Cold case of missing ex-Director of Lee Commuter Services again dismissed

Courtesy of Rene Bohmer

Charges for the murder of a former Lee Resident Director, who went missing almost nine years ago, have been dropped for a second time.

Donnie Brantley, the husband of Marsha Brantley, was accused of killing his wife and was set to be put on trial Feb. 5. However, moments before the trial was set to begin, the charges against him were dropped, and the case was dismissed once more.

Marsha Brantley served as a Resident Director for several years before taking her last position as Director of Commuter Services at Lee University. Brantley, 51 years old at the time, was reported missing by her neighbors nearly a decade ago in November of 2009. She hadn't been seen since June of that year. Neither witnesses nor a crime scene has been found, and her body was never located.

According to the Chattanooga Times Free Press, Brantley gave several different accounts of where his wife was, varying from a trip out West to a decision to separate. Eventually, Marsha Brantley's hairdresser reported her missing to the police.

Despite the lack of clear evidence, Brantley’s case had been updated from missing person to homicide. Her case was being handled by a cold case unit as investigators believed Brantley to be dead.

Donnie Brantley has been a person of interest in the disappearance of his wife since 2011, the Times Free Press previously reported. In 2013, Brantley was charged with first-degree murder of his wife. However, the charges were dropped against him for the first time in 2014 due to lack of evidence.

Brantley still remained a main suspect in the disappearance of his wife, according to investigators and Marsha Brantley’s remaining family.

Brantley was later charged for first-degree murder of his wife for the second time in 2016.

10th District Attorney General Steve Crump released a statement regarding the decision to charge Brantley once again for the murder of his wife.

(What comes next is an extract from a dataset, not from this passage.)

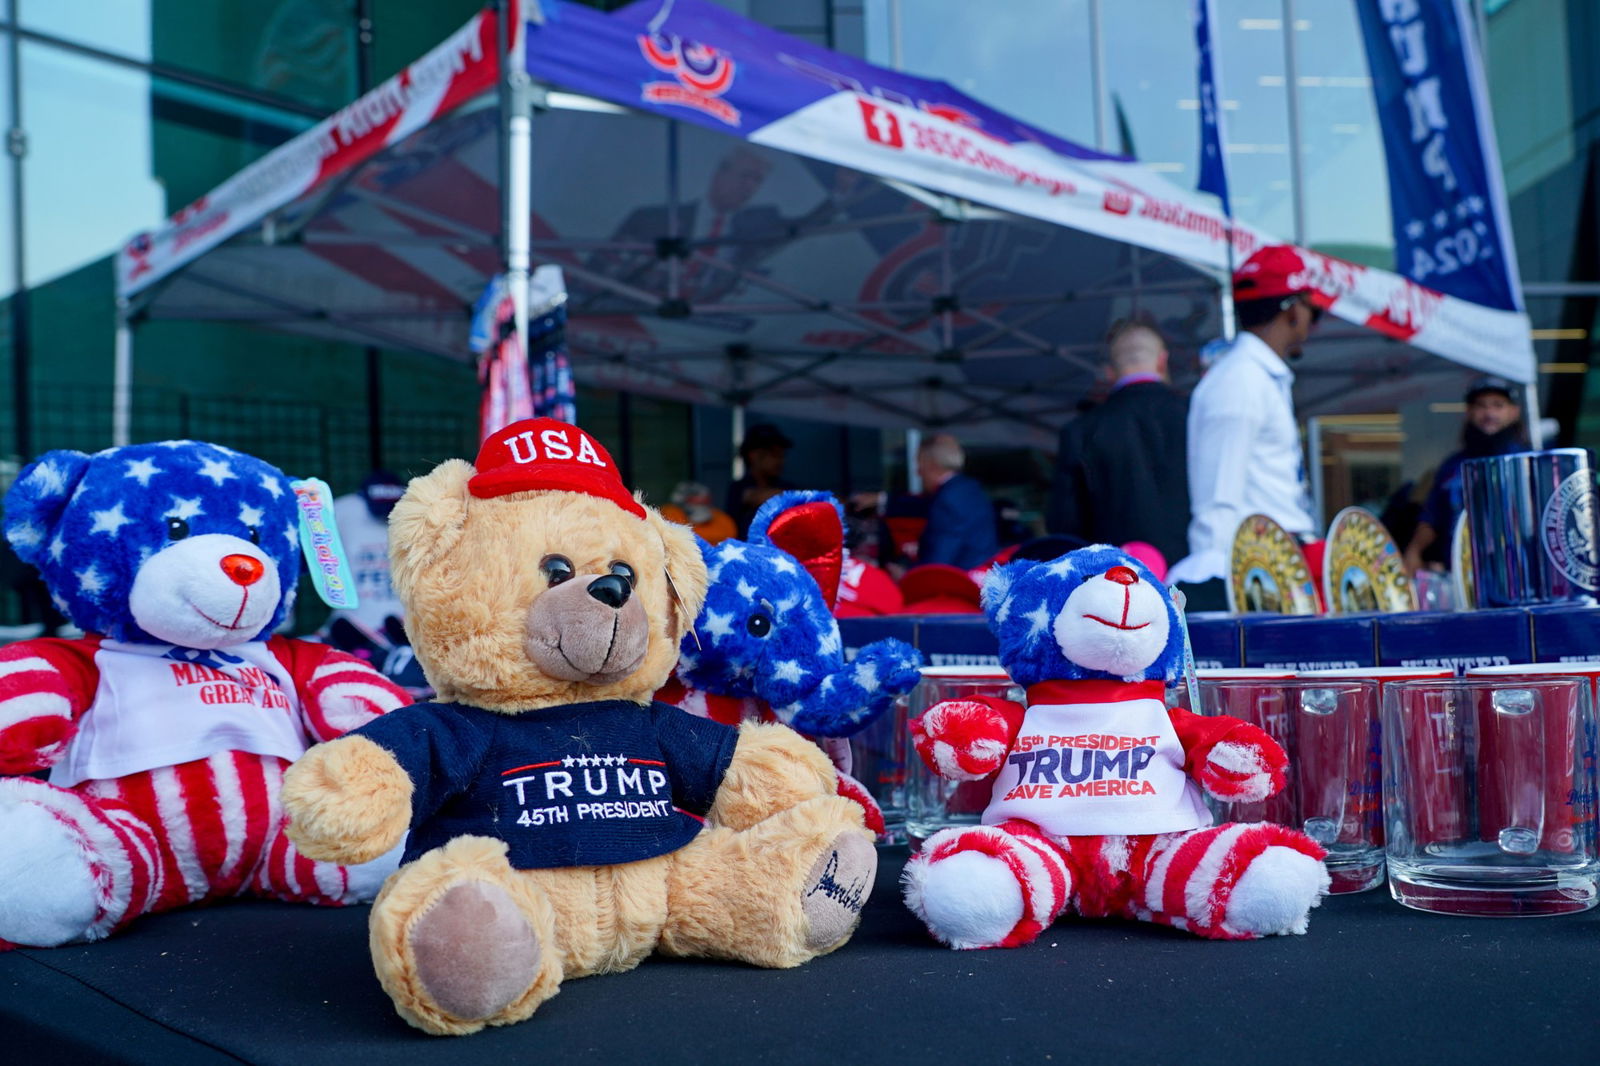 Teddies wearing Trump shirts and USA hats sit on a table

“It is our belief, and the grand jury found, that between the first day of May 2009, and the 31st of May 2009, that he committed the act that led to her death,” Crump said. “And that act was done in a premeditated and deliberate fashion.”

On a public Facebook page dedicated to posting updates on Marsha Brantley’s case, Brantley’s aunt, Medra Rader Justis, said she hoped for justice in the retrial of Donnie Brantley.

“Please pray that justice will be served,” Justis wrote. “I have faith that Donnie will be found guilty but whatever the outcome that the truth will come forth. My desire is to find Marsha and put her to rest.”

The second trial was set for Feb. 5 of this year but was dismissed under circumstances similar to the 2014 dismissal, for lack of incriminating evidence against Brantley. Criminal Court Judge Andrew Freiberg filed the motion to drop the charges against Brantley “without prejudice” as he could possibly be charged again in the future.

To the dismay of friends and family, the case has been put on hold for the time being. Many took to the public Facebook page to share condolences following the news of the dismissal.

“We are very disappointed that this happened,” Justis wrote, “but have been assured that this isn't the end.”

Though much is still unclear surrounding the disappearance of Brantley, the legacy she left behind in her community is clear—especially to those that worked alongside her.

Director of Faculty Development Dr. Carolyn Dirksen said Brantley was well-loved on campus and was very involved in student life.

“She was a very excellent, young administrator,” Dirksen said. “She was working her way up in student life. She was very creative—that’s why she was able to get this startup job in commuter services.”

With her ardent love for writing, Brantley was described by many people as a creative. She kept a blog called “Magpie’s Nest,” which she updated frequently with details of her life. And she took on her role as Director of Commuter Services with the same passion and efficiency, with the goal of making students who commuted to Lee feel more integrated in campus life.

Brantley would now be 59 years old, according to the National Missing and Unidentified Persons System database.

“She was a wonderful woman,” Dirksen said. “She was very warm and the students all liked her.”